The Boris Johnson government is on the verge of appointing senior banker Richard Meddings as the new chair of NHS England, with a brief to push through changes in the way the service operates as well as reduce surging waiting lists. Meddings’ appointment means that two of the top roles in the UK’s public health service are now occupied by former bankers: Meddings as the head of NHS England and Savid Javid as Secretary of State for Health and Social Care.
Javid made a name for himself structuring emerging market synthetic CDOs for JP Morgan Chase and later Deutsche Bank. His deputy in the Department of Health and Social Care is Edward Argar, who previously worked as head of public affairs for Europe at outsourcing giant Serco, which has benefited hugely from COVID-related contracts awarded by the current government.

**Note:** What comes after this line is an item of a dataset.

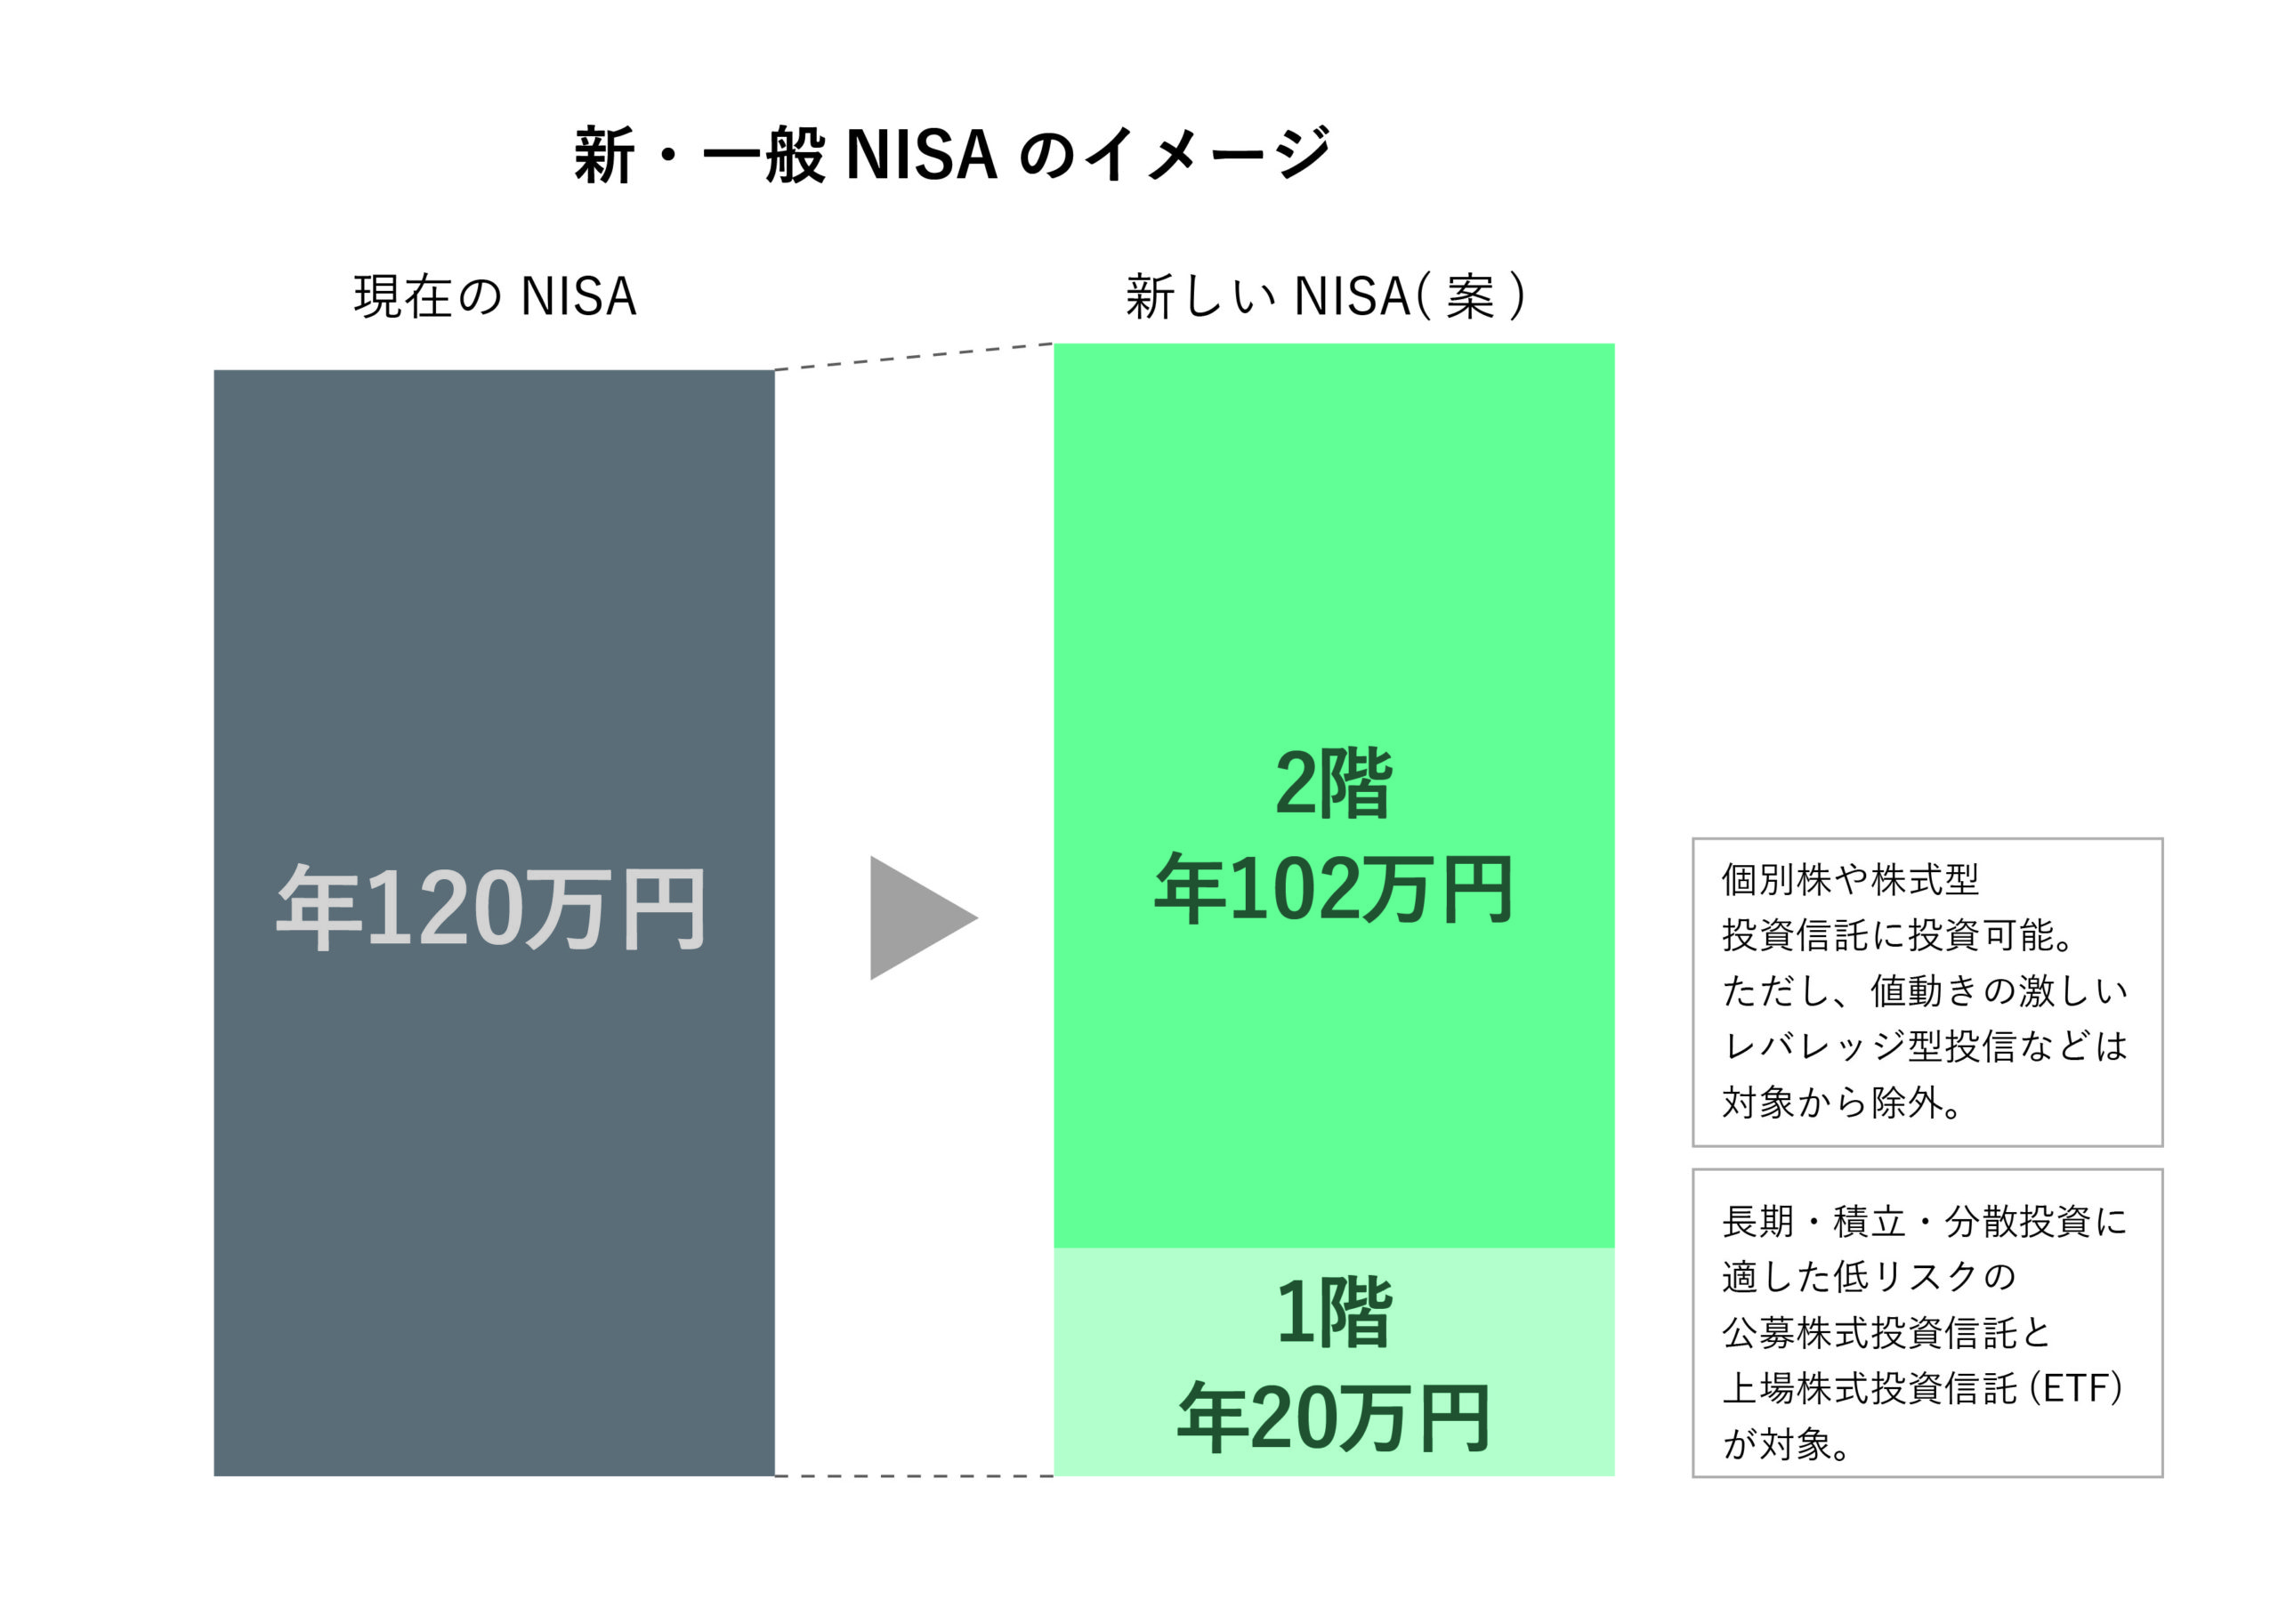 従来NISAと新NISAの比較

Meddings’ appointment to the helm of NHS England forms part of a disturbing new trend in which senior bankers and central bankers are taking up positions of influence within government beyond their traditional bailiwicks of banking, finance and economics. It was bad enough when Wall Street and City of London financiers would seamlessly flit from the C-suites of global banks to the top jobs in central banking and national treasury departments; now they’re taking up senior roles in health, culture and other areas.
The current chairman of the British Broadcasting Corporation is Richard Sharp, a former Goldman Sachs banker. Sharp’s predecessor in the role was David Celementi, a former deputy governor of the Bank of England. Before joining the BBC, Sharp had served as an advisor to the UK’s Treasury Secretary Rishi Sunak, another former Goldman banker who is now strongly tipped to replace Boris Johnson as prime minister.
In Italy, the government is already being led by a Goldman alum, Mario Draghi, who was chosen as prime minister in early 2021 despite the fact he has never been elected to public office in his life. Draghi is now being floated as the frontrunner to succeed Sergio Mattarella as Italy’s president early next year, a role the former ECB chairman appears to be happy to fill.
“My personal destiny is of no importance,” Draghi said at his end-of-year press conference. “I have no particular ambitions. I am, if you like, a grandfather in the service of the institutions.” The question is: which institutions?
No Previous Experience Required
Unlike his predecessor in the top job at NHS England, Lord David Prior, a Conservative peer who had previously served as a health minister and chaired two NHS hospital trusts, Meddings does not appear to have any previous experience in the health service at all. He is not a complete stranger to government, however, having served as a non-executive director of the Treasury. But Meddings’ most prominent roles are in the private sector, including as non-executive director at Credit Suisse, where he chaired the bank’s Audit and Risk Committees in the lead up to the Archegos Scandal; and as chairman of mid-sized lender TSB.
Meddings “has unrivalled business experience and will bring an outsider’s eye to the NHS”, an unnamed source told the Daily Telegraph, adding: “We can’t have business as usual when it comes to the health service. Reform is needed to deliver an NHS that serves patients for years to come.” The government is apparently also anxious to identify a “heavyweight” from the private sector with experience in digital and data, in order to help the NHS make better use of technologies.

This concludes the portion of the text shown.